Via Mark Liberman of Language Log, who also links to a credulous review in American Scientist Online which he deconstructs himself. And I should add that the NY Times fell for this nonsense back in July, which is what alerted the LINGUIST List folks to it.


  1. Foster and Toth aren’t the only ones. Ringe, Warnow, and Taylor, also at Penn, have been working on redoing genetic trees with algorithms from genetics research. The problem I had with their research was that they never listed their characters, but F&T did. Whoa! When I read Trask’s posting to the Linguist List I had to chuckle at my worst fears confirmed.

  2. But I don’t understand. Mingrelian is the key to all languages! Not Latvian, which is merely a debased form of Lithuanian. I don’t know where people get these things.
    Surfing the net for names of languages and language groups does indeed take you to some unique places.

  3. Oh yeah. I remember reading that issue of LINGUIST and smirking. It was really vicious, and yet deserved.

  4. Jim, you need to be a little more careful: your short comment makes three important mistakes.
    First, Forster and Toth are not “also at Penn”, but at Cambridge University and the University of Zurich, respectively.
    Second, Ringe/Warnow/Taylor have certainly published the detailed bases of their analysis, both the linguistic characters used and the mathematical and computational issues in the algorithms, most recently in
    Don Ringe, Tandy Warnow & Ann Taylor. Indo-European and Computational Cladistics. Transactions of the Philological Society, 100 (1) pp 59-129 (March 2002), but also in other publications going back to 1995.
    Third, Forster and Toth use a completely different and unrelated set of features, as well as a different phylogeny-inference “algorithm” (one of the problems with their work is that they don’t really have an algorithm, so that their work is oddly empty from a mathematical as well as a linguistic point of view). While you might disagree with the Ringe et al. choices, Trask’s critique is not in any way relevant to their work, as their choices are very much in the style of a rock-ribbed traditional indo-europeanist, which is what Ringe is.

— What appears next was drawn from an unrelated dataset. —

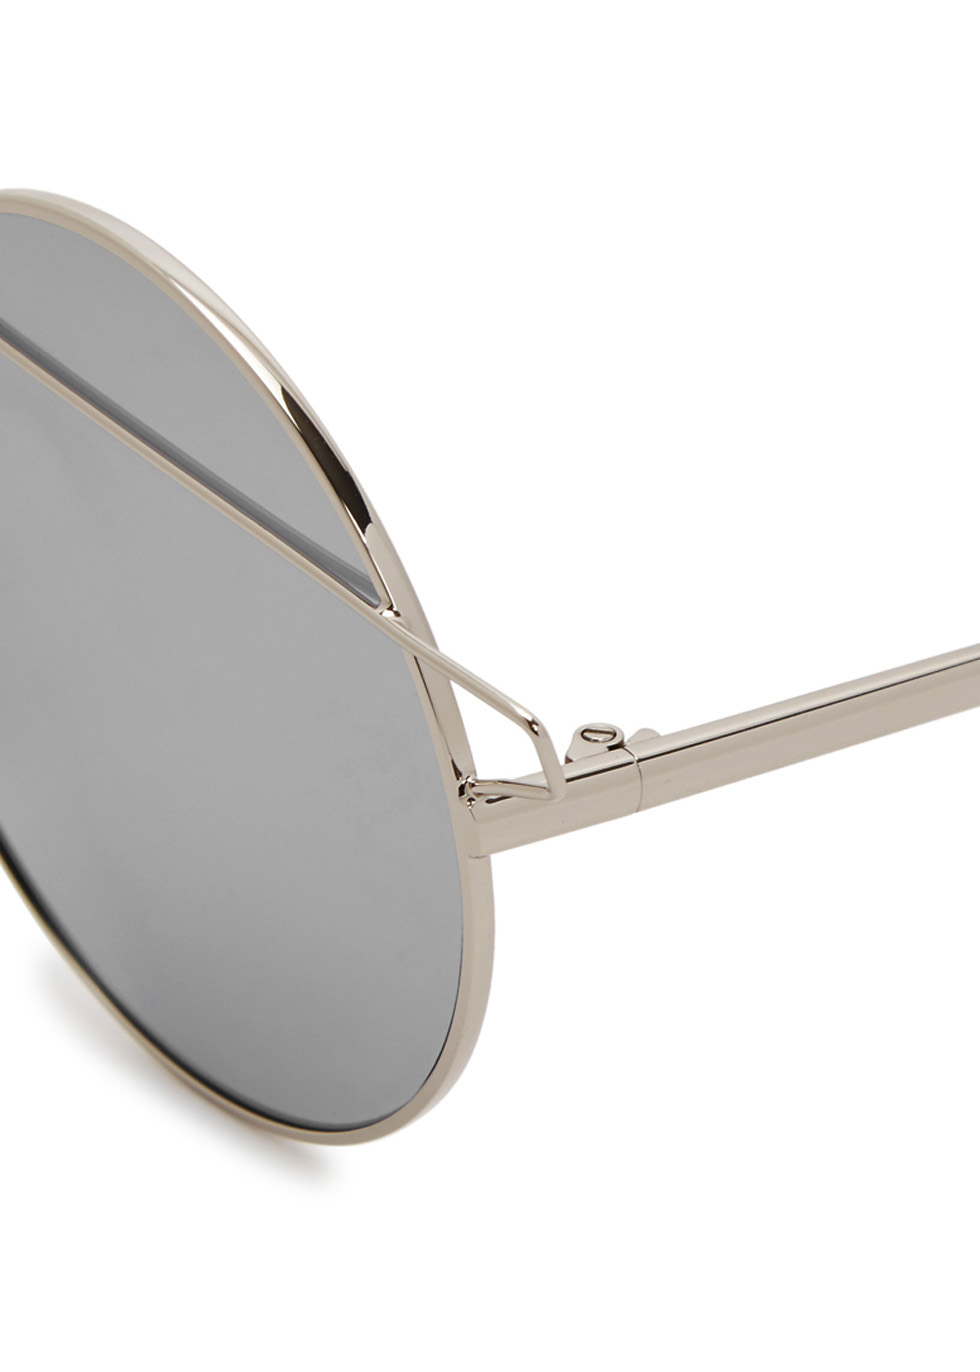 Mykonos silver tone round-frame sunglasses - FOR ART'S SAKE

  5. He sure is; he studied with the great Warren Cowgill (little remembered because he never wrote a book).

  6. Mark– Well, I put my foot in that one. I’ll take a look at the paper you cited. The two I looked at said there were characteristics but vaguely categorized them but never really listed them. I realize that Ringe linguistic chops, but so did Morris Swadesh. Sorry about the misinformation. I’ll be mroe careful next time

  7. I know I should just cut my losses and keep quite, but my last comment borders on the unintelligible. Here’s what I meant to say:
    Mark– Well, I put my foot in that one. I’ll take a look at the paper you cited. The two I looked at mentioned characteristics and vaguely categorized them, but never really listed them. I realize that Ringe has linguistic chops, but so did Morris Swadesh. Sorry about the misinformation. I’ll try to be more careful next time.

  8. Steve Long says:

    Exactly the problem. The resulting IE “tree” is constructed entirely based on a rather standard and narrow PIE reconstruction and the outcome is completely expected. It is a picture of Ringe’s vision of how PIE should be reconstructed using a limited number of well-estabkished cognates. Where one is missing, it is marked “lost” — a circular assumption. There is no control to compare hypotheses about early borrowing or semantic inconsistency. You could use the same technique to construct Klingon family trees.

  9. Years ago on a histling list (now apparently defunct) it was quite entertaining to see Trask dissect those who claim similarities between Basque and Georgian, Berber or Nahuatl. Glad to see he hasn’t lost his form.